_Entries supplied_
━━━━

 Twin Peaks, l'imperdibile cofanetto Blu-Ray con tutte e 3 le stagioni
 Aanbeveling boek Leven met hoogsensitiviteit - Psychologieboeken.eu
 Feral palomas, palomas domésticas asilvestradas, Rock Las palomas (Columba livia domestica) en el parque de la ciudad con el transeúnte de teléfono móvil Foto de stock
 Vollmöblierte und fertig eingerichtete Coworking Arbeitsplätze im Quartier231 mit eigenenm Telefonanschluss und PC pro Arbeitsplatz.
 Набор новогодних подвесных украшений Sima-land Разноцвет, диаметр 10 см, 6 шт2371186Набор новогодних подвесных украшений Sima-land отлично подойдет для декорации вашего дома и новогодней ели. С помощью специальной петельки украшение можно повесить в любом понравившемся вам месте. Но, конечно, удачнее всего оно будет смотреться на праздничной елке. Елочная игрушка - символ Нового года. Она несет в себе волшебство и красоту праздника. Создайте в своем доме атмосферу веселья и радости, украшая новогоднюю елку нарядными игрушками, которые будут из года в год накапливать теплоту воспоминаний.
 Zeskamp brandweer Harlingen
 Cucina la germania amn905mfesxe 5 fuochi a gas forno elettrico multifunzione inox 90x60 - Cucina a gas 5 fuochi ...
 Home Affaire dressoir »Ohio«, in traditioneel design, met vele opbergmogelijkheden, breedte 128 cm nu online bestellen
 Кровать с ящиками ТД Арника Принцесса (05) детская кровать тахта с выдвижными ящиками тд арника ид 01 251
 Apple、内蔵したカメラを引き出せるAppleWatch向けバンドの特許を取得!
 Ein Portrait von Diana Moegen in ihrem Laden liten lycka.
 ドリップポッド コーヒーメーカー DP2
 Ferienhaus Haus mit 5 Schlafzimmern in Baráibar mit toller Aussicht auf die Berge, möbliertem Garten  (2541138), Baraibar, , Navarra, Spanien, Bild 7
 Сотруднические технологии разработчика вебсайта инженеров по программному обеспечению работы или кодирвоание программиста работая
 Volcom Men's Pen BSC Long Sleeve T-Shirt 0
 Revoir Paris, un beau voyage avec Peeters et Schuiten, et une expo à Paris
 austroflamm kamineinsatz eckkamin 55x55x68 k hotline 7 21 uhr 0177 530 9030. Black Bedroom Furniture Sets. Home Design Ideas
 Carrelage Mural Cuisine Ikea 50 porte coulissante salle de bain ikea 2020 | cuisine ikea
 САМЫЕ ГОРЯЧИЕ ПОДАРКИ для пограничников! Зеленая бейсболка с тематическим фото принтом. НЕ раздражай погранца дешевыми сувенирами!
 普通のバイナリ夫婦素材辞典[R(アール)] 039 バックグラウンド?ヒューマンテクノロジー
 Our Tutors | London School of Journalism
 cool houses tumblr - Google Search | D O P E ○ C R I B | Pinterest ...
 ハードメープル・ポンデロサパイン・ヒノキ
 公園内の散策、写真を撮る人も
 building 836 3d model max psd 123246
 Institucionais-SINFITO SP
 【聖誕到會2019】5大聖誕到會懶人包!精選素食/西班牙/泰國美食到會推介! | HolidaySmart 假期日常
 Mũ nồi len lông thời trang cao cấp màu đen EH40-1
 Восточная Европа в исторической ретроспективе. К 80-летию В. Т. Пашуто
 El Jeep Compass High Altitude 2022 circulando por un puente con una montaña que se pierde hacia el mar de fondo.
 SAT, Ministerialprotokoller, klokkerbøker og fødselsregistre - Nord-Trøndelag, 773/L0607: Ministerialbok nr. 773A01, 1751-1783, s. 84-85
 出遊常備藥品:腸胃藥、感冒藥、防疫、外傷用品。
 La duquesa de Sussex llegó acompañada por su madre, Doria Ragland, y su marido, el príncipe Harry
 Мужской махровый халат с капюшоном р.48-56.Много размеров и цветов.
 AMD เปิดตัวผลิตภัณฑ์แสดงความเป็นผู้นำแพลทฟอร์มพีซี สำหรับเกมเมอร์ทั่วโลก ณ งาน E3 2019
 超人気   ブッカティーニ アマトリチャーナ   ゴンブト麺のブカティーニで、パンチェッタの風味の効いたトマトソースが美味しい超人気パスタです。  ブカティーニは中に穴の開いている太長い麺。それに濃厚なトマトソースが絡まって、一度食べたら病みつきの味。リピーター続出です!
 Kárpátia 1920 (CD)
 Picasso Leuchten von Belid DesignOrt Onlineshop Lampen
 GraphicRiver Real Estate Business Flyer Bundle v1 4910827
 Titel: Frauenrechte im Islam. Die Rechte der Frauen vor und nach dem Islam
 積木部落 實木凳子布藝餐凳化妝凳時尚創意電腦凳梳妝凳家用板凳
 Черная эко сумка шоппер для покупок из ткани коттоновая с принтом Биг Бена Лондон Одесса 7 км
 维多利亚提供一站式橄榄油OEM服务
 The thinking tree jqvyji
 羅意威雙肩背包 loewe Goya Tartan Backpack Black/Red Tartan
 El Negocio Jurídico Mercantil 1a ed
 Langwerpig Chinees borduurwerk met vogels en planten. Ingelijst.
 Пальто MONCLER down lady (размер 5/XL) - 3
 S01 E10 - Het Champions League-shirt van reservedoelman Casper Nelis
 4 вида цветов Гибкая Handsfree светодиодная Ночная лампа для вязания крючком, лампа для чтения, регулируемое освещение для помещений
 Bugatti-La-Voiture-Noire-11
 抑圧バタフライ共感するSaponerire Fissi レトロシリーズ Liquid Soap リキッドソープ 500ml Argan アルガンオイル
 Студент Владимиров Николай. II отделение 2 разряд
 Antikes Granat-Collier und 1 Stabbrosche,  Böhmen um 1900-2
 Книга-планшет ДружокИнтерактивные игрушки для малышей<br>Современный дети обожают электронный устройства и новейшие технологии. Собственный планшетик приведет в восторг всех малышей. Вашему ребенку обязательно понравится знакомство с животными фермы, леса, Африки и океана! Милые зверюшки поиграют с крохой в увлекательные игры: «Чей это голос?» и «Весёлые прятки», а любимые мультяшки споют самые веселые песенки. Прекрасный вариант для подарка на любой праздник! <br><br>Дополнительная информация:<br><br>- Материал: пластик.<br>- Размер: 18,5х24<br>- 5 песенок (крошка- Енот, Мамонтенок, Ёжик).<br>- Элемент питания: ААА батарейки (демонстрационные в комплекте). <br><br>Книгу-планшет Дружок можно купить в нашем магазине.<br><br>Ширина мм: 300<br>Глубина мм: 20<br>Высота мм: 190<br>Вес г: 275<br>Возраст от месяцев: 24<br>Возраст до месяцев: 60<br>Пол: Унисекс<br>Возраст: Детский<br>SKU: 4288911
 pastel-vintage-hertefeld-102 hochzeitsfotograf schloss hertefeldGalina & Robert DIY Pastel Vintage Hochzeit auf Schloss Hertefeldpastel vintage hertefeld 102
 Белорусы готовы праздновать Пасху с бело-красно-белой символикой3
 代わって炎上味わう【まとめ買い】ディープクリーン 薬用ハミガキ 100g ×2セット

━━━━

_What is being asked_
Your answer should be the lines above, from the line containing "公園内の散策、写真を撮る人も" up to and including the line containing "El Jeep Compass", reproduced exactly and with nothing else.

_Answer for this exercise_
 公園内の散策、写真を撮る人も
 building 836 3d model max psd 123246
 Institucionais-SINFITO SP
 【聖誕到會2019】5大聖誕到會懶人包!精選素食/西班牙/泰國美食到會推介! | HolidaySmart 假期日常
 Mũ nồi len lông thời trang cao cấp màu đen EH40-1
 Восточная Европа в исторической ретроспективе. К 80-летию В. Т. Пашуто
 El Jeep Compass High Altitude 2022 circulando por un puente con una montaña que se pierde hacia el mar de fondo.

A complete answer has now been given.